Ich werde aufgefordert, zum Anwesen der Familie Cabot zu kommen, das ich bis dato noch nicht entdeckt hatte. Es geht um einen Auftrag, der sich für mich lohnen soll. Eine Markierung auf meiner Karte wird hinzugefügt. Dort angekommen stehe ich vor einer verschlossenen Tür. Ohne Deegans Einladung wäre ich hier gar nicht reingekommen. So kann ich mich per Gegensprechanlage ausweisen und darf eintreten. Deegan macht mich mit seinem Chef Jack Cabot bekannt, der mich bittet, nach dem Verbleib einer verloren gegangenen Lieferung zu forschen. Ich soll keine Fragen stellen, doch mit meiner gut entwickelten Überredungskunst gelingt es mir, ein paar Infos aus Jack herauszukitzeln. Angeblich hat sein Vater Lorenzo vor geraumer Zeit eine versunkene Stadt erforscht und dort Artefakte einer uralten, bislang unbekannt gewesenen Hochkultur entdeckt. Jack glaubt, dass sein Vater auf die Hinterlassenschaften von Außerirdischen gestoßen ist, die er für die Ahnen der Menschheit hält. Lorenzo sitzt jetzt in der Parsons-Irrenanstalt. Das alles klingt für mich ganz nach einer Geschichte von H.P. Lovecraft - kein Wunder, wir befinden uns ja in Neuengland, dem Schauplatz vieler Storys seines Cthulhu-Mythos!

Mehr ist nicht zu erfahren, vor allem nicht über den Inhalt des Koffers, den ich wiederbeschaffen soll. Irgendwas ist seltsam an diesen Leuten, und damit meine ich nicht nur die Tatsache, dass sie es geschafft haben, den Vorkriegsstandard beizubehalten, wie man in ihrem Haus gut sehen kann - so ordentlich ist es nirgendwo sonst!



Fallout 4

(Bild 34: Jack Cabot (links) und Edward Deegan)

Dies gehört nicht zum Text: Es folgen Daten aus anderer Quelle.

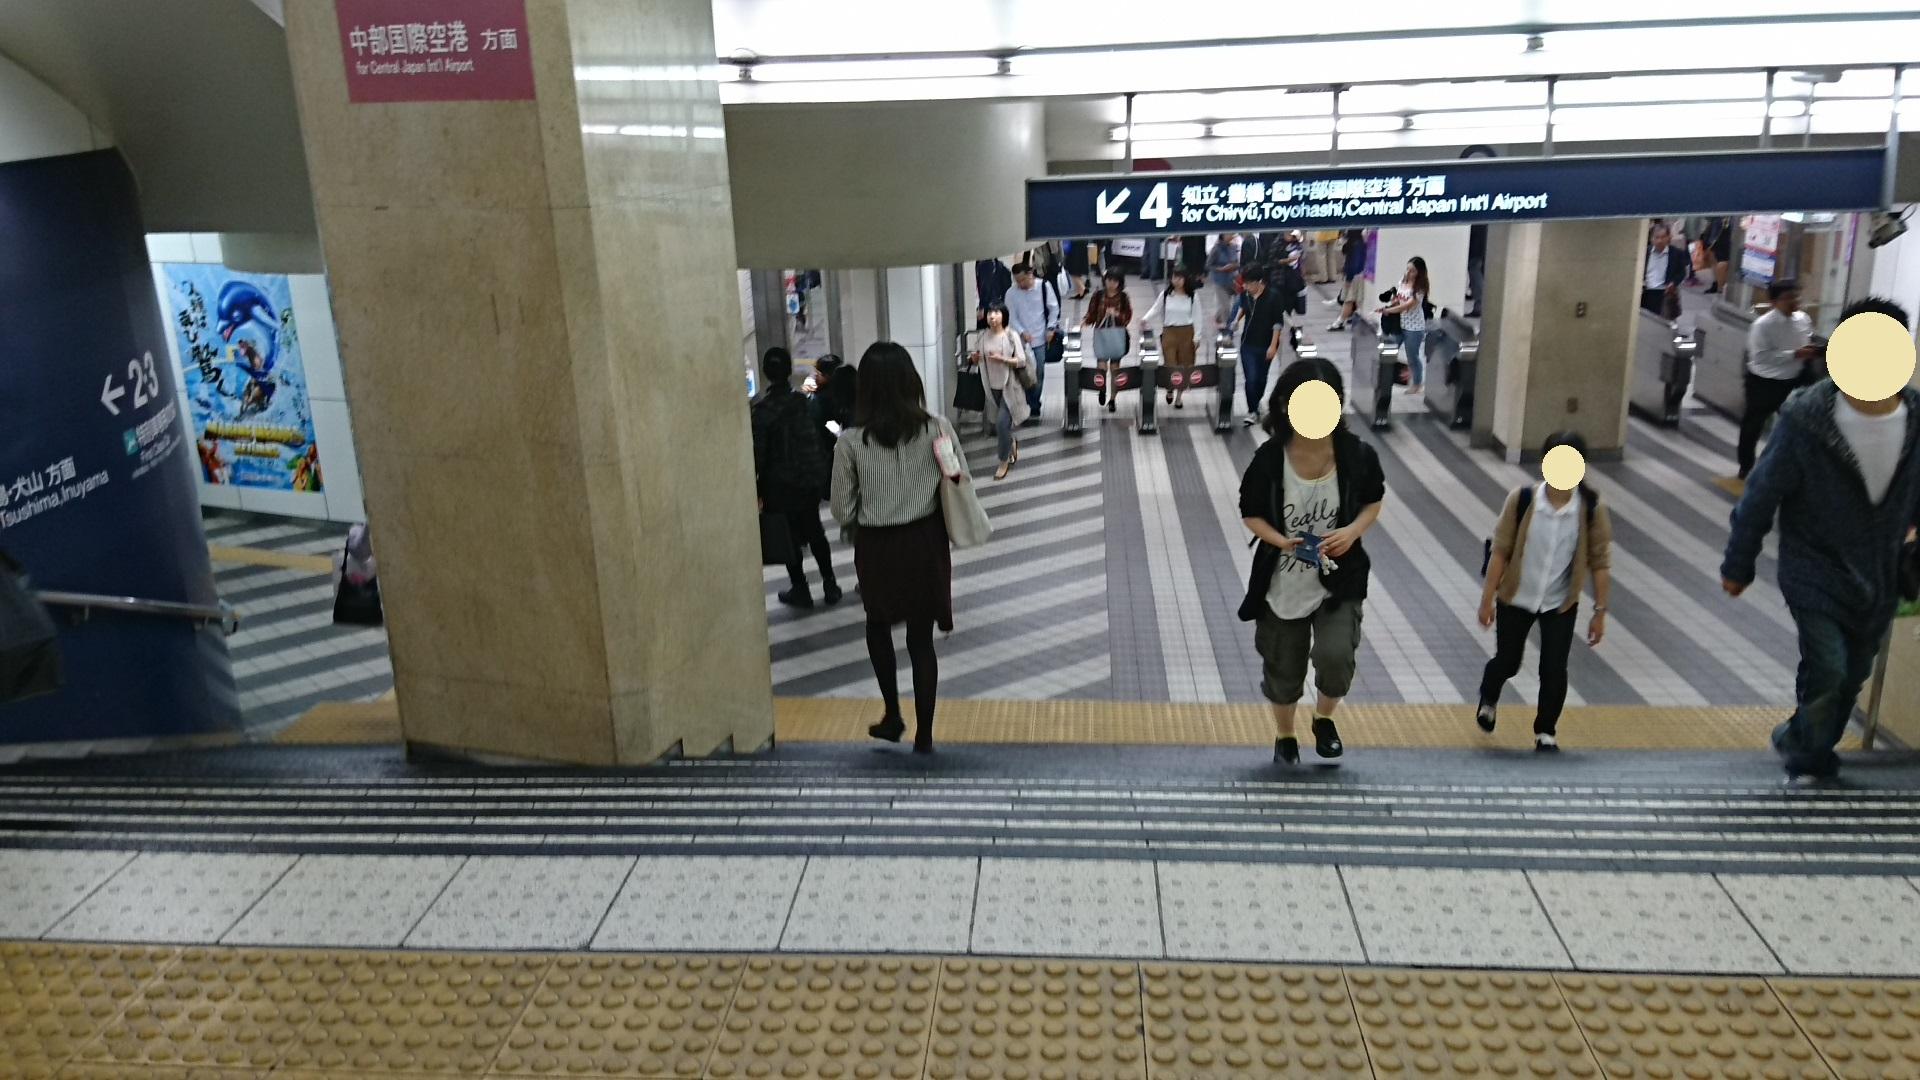 2016.10.19 名鉄名古屋駅のななつのかいさつぐち (1)-1 中央かいさつぐち(いりぐち専用)

Ich mache mich auf die Socken und stelle fest, dass der Koffer von einer Raiderbande gestohlen wurde, die sich in einer verlassenen Molkerei verschanzt hat. Die Typen sind mir nicht gewachsen und liegen bald in ihrem Blut. Sie haben eine mit einem mysteriösen Serum gefüllte Ampulle bei sich, die ich Jack bringe. Das Serum scheint sehr wichtig für ihn und seine Verwandten zu sein. Jack ist beunruhigt, denn in dem Koffer waren mehrere Ampullen und es wäre nicht gut, wenn sich die Raider das Zeug verabreicht hätten. Momentan gibt es aber andere Probleme. Emogen, Jacks Schwester, ist verschwunden. Sie hat sich einen Liebhaber angelacht, der sie nicht gehen lässt. Ich soll dafür sorgen, dass Emogen nach Hause kommt. Auch hierbei leistet mir meine Überredungskunst gute Dienste. Emogens Lover ist der Guru eines merkwürdigen Kults, über den ich jetzt nichts Näheres in Erfahrung bringe. Die Kultisten hausen in einer ehemaligen Konzertmuschel, dort wird auch Emogen festgehalten. Wie es aussieht, hatte ihr Freund ein paar Probleme mit ihr. Ich bringe ihn dazu, sie freizulassen.



Fallout 4

(Bild 35: Das Zuhause der Kultisten. Könnte die Hatch Memorial Shell sein, heißt im Spiel "Charles-Aussichtspunkt")


Emogen sieht aus wie eine Frau im fortgeschrittenen Alter, ist aber Jacks jüngere Schwester. Da ich den Mann für höchstens Mitte Dreißig gehalten habe, werde ich stutzig. Ich muss Emogen nicht erst davon überzeugen, dass sie nach Hause gehen soll. Sobald sie erfährt, dass es dort eine Ampulle mit besagtem Serum gibt, flitzt sie stante pede davon. Ich folge ihr und komme gerade rechtzeitig, um mitzuhören, wie Jack per Funk mit Deegan spricht. Dieser meldet, dass die Parsons-Irrenanstalt von erstaunlich mächtigen Raidern angegriffen wird. Aha, die haben also das restliche Serum genommen! Jetzt ist schnelles Handeln angesagt. Es muss unbedingt verhindert werden, dass die Raider zu Lorenzo vordringen.



Fallout 4

(Bild 36: Die Einfahrt zur Parsons-Irrenanstalt)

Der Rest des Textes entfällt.